Пребывание Серова в Москве получилось недолгим. В августе 1942 года его отправили в Сталинград для организации порядка в тылу оборонявших город войск. В город Серов прибыл 18 августа и застал картину панического отступления120. Серов инструктировал командира дивизии НКВД и начальника областного управления НКВД, где выставить заградительные посты для задержания «неорганизованно отходящих с фронта» и как организовать оборону на подступах к городу121. Но через два дня Серова срочно перебросили на Кавказ. Здесь он участвует в обороне Клухорского и Марухского перевалов Кавказского хребта. В Тбилиси Серов прибыл 25 августа, откуда после совещания у Берии выехал поездом в Сухуми. Оказалось, что немцы уже «оседлали» Клухорский перевал. На следующий день он отправился на передний край. Спал в палатке в горах, питался сухарями и получал от Берии приказания организовать наступление и «выгнать немцев» с перевала122. Серов попытался, и это закончилось неудачей и большими потерями.
Берия вызвал его в свой особняк в Сухуми, вновь нажимал и требовал «наступать». Серов снова очутился на передовой и чуть не попал в плен к первой горнострелковой дивизии «Эдельвейс»123. Когда дело в Клухоре поправилось, его перебросили на Марухский перевал, там оказалось поспокойней, но оборона тоже была поставлена из рук вон плохо. Серов выбрал выжидательную тактику. Он надеялся – в конце сентября выпадет снег на перевалах, и немцы сами уйдут. Расчет не оправдался. В середине сентября полк дивизии «Эдельвейс» занял перевал и ушел сам лишь в январе 1943 года, когда выпал обильный снег124.
Серов вновь вернулся на рубежи Клухорского перевала. Отсюда немцы могли напрямую выйти к Сухуми. В середине октября и здесь выпал снег, и немецкие войска отошли на перевал. Здесь Серов был контужен, попав под минометный огонь. И контузия имела весьма серьезные последствия: «систематически повторяются припадки с потерей сознания», как он писал в одном из своих обращений в ЦК125. А подробнее и в деталях об этом обстреле – в мемуарах126. Рассказ об обороне перевалов в воспоминаниях Серова идет деловито и буднично – лишь бы продержаться в ожидании снега, когда немец сам уйдет. Тогда как в заявлении в ЦК все выглядит прямо героически:
«Несмотря на кровопролитные бои с немцами, превосходящими по численности и хорошо подготовленными, мы сумели их остановить. Затем после двухмесячной подготовки сами перешли в наступление и выгнали их за перевалы»127.

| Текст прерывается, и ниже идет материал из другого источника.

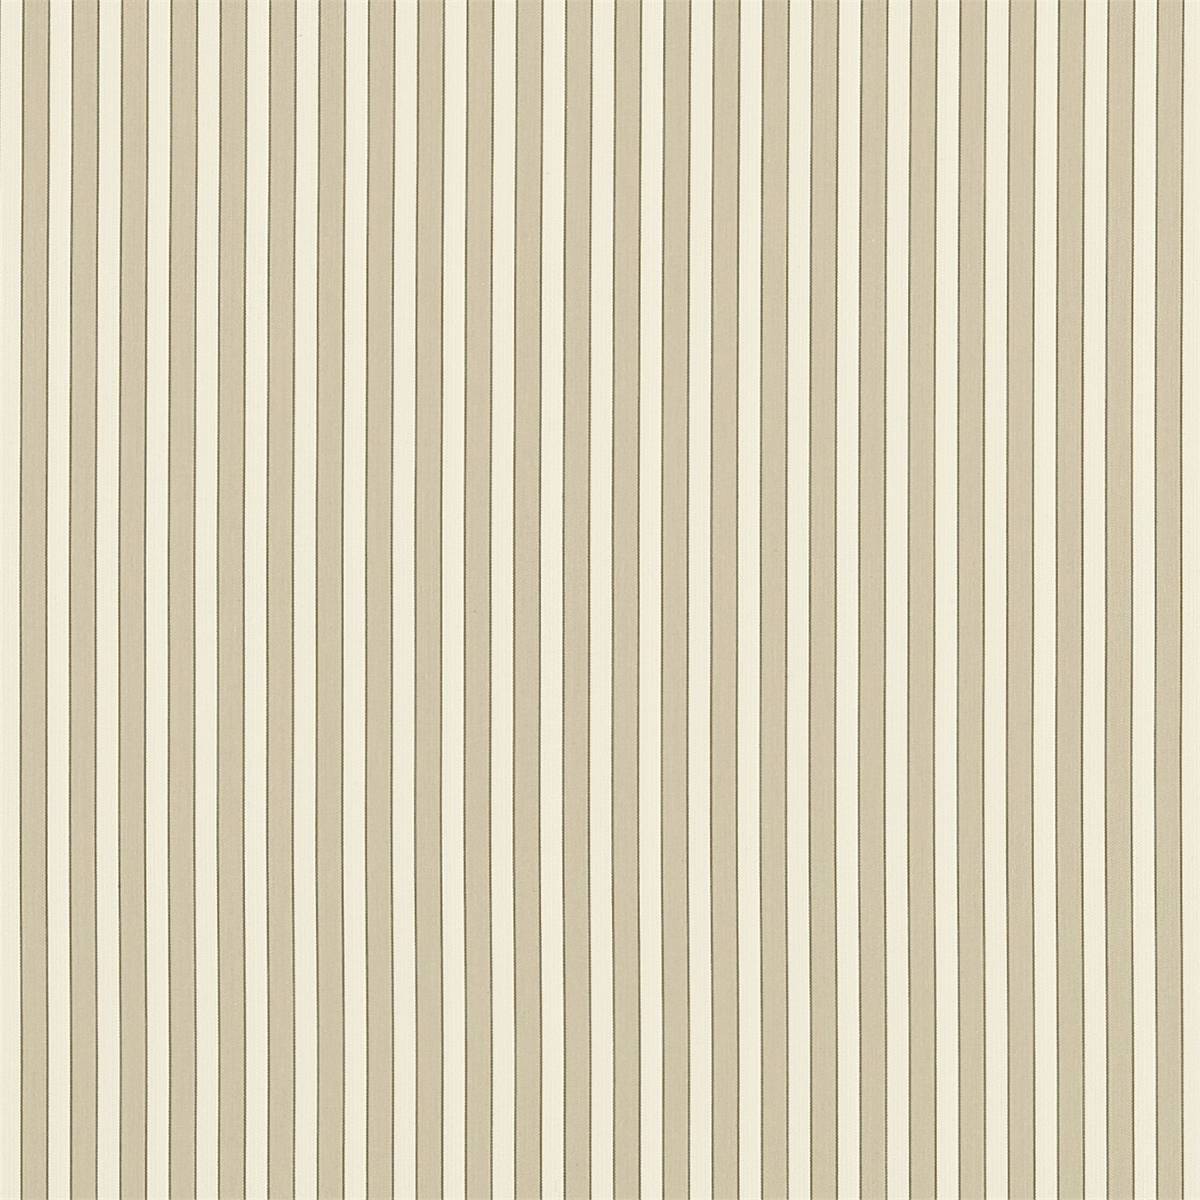 Sutton Linen/Cream Fabric by Sanderson

В середине октября 1942 года Серов вернулся с передовой в Тбилиси и оттуда направился на Мамисонский перевал. И тут оборонительные позиции были слабы, немцы могли бы легко их опрокинуть. От пленного офицера связи Серов узнал, что немецкого наступления не будет128.

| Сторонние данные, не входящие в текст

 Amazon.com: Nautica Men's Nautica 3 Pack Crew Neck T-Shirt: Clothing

В конце октября Серова направили в Орджоникидзе (Владикавказ), на подступы к которому уже вышли немецкие войска. Здесь он организовал дивизию из работников НКВД, включая милицию и пожарную охрану, расставив подразделения вдоль Военно-Грузинской дороги. Выехал в Грозный, где тоже было неспокойно. В Орджоникидзе вернулся 6 ноября129. Город уже обстреливался.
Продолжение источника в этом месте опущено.